The book could possibly have benefited from more historical context, ie. putting the Sub-Prime Crisis alongside other historic speculative bubbles, since there are remarkable similarities. A good reference in this respect is Edward Chancellor 's "Devil Take the Hindmost" showing for example the City in the 1720's exhausting its possibilities of lending against South Sea Company stock and the South Sea Company itself exhausting the possibilities of lending to its own buyers - sounds familiar?

The contrast between early and later Sub Prime could have had greater emphasis. In the early stages it should have been possible to halt the bad practices, and the authors show that some regulators did in fact try, most notably in 1994, James Bothwell of the General Accounting Office and in 1998 Brooksley Born, chairwoman of the Commodity Futures Trading Commission. Bothwell underwent a brutal attack by Congress with the SEC, Treasury and Fed refusing to give him support, and Born received a screaming telephone call from Deputy Treasury Secretary, Larry Summers saying that bankers were threatening to move their business to London. As she says, "There was so much pressure. The derivatives dealers did not want their market looked at - at all. For some of them, derivatives trading made up 40% of their profits."

In the later stages there was nothing to be done and the authors show the Sub Prime behemoth taking over the US financial system. Under Clinton, Treasury Secretary Rubin and Deputy Secretary Summers provided this special market with top level political protection and at the Fed, Chairman Greenspan prioritized deregulation and actually lauded the market efficiency of derivatives in apportioning risk. An interesting secondary question is whether they actually believed this, or were they were just protecting a valuable new investment game run by friends. McLean and Nocera equivocate on this point, seeming to partially accept both arguments.

The authors show that creating junk mortgages is one thing and selling them is quite another.

Selling CDOs (collateralized debt obligations) required tranches (slicing up the debt) so that parts of it could receive an AAA rating (equivalent to treasury bonds) from ratings agencies, thereby allowing conservative investment by heavily controlled pension fund type capital. It thus became a game of investors "buying ratings" ie. receiving a higher yield on supposedly AAA type risk. The big profits came from manufacturing AAA rated securities and the authors show the complicity of the ratings agencies, quoting from 2007 Josh Anderson, the manager of asset backed securities at PIMCO saying, "Moody's doesn't stand up to Wall St. ... its mistakes are so obvious". S&P, Moody's and Fitch all knew about the rising early defaults rate on sub prime but were clearly afraid to downgrade.
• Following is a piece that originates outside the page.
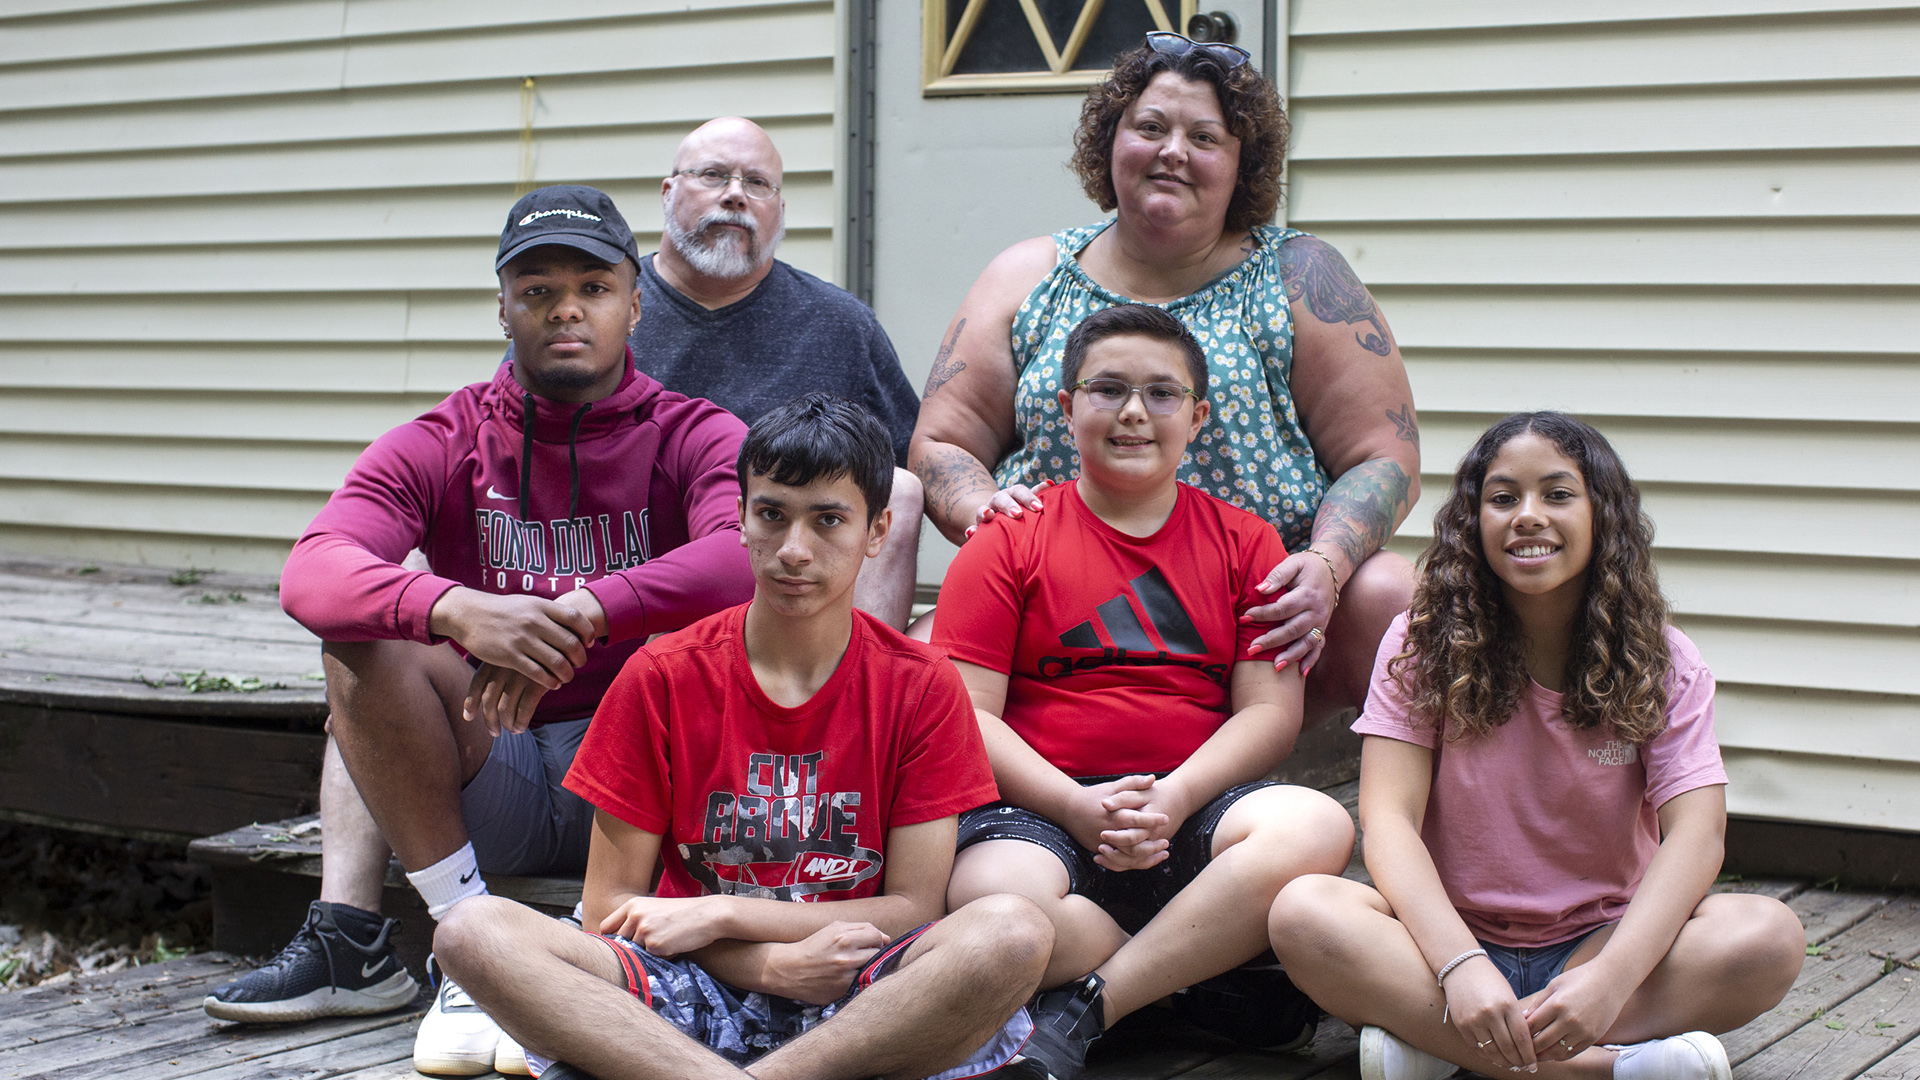 Armond, Dan, Mason, Amy, Cameron and Merri Wempner sit on steps and deck outside the exterior door of a house.

So how did it all happen? McLean and Nocera interestingly show how Wall St. had for some time wished to avoid dealing with the GSE's (Government Sponsored Enterprises, Fannie Mae and Freddie Mac) and eventually found a way round them by directly securitizing sub prime mortgages from non bank lenders. The real risks were hidden under AAA ratings while simultaneously a group of extreme free market activists (strangely similar to Russia's Bolsheviks using communism) were grabbing power under cover of the new ideology.

As with the Bolsheviks, most of the leaders were Jewish (Greenspan, Rubin, Summers, Bernanke + a majority of Goldman Sachs), a fact that isn't mentioned in the book although the authors are happy to go at some length into the Italian background of Mozilo, and the African background of O'Neal and Raines.

It's also probably not a coincidence that after the collapse, the same Goldman team in government arranged for the highly favourable bailout of Wall St investment banks at enormous taxpayer expense, with the prime beneficiary of course being Goldman Sachs itself. Heads we win, tails you lose.

This is the best book I've read so far about the Debt Crisis (Grand Theft), especially for the dateline after 17th June 2007 when Merrill Lynch seized $850 million of Bear Stearns CDOs only to discover that nobody wanted to buy them.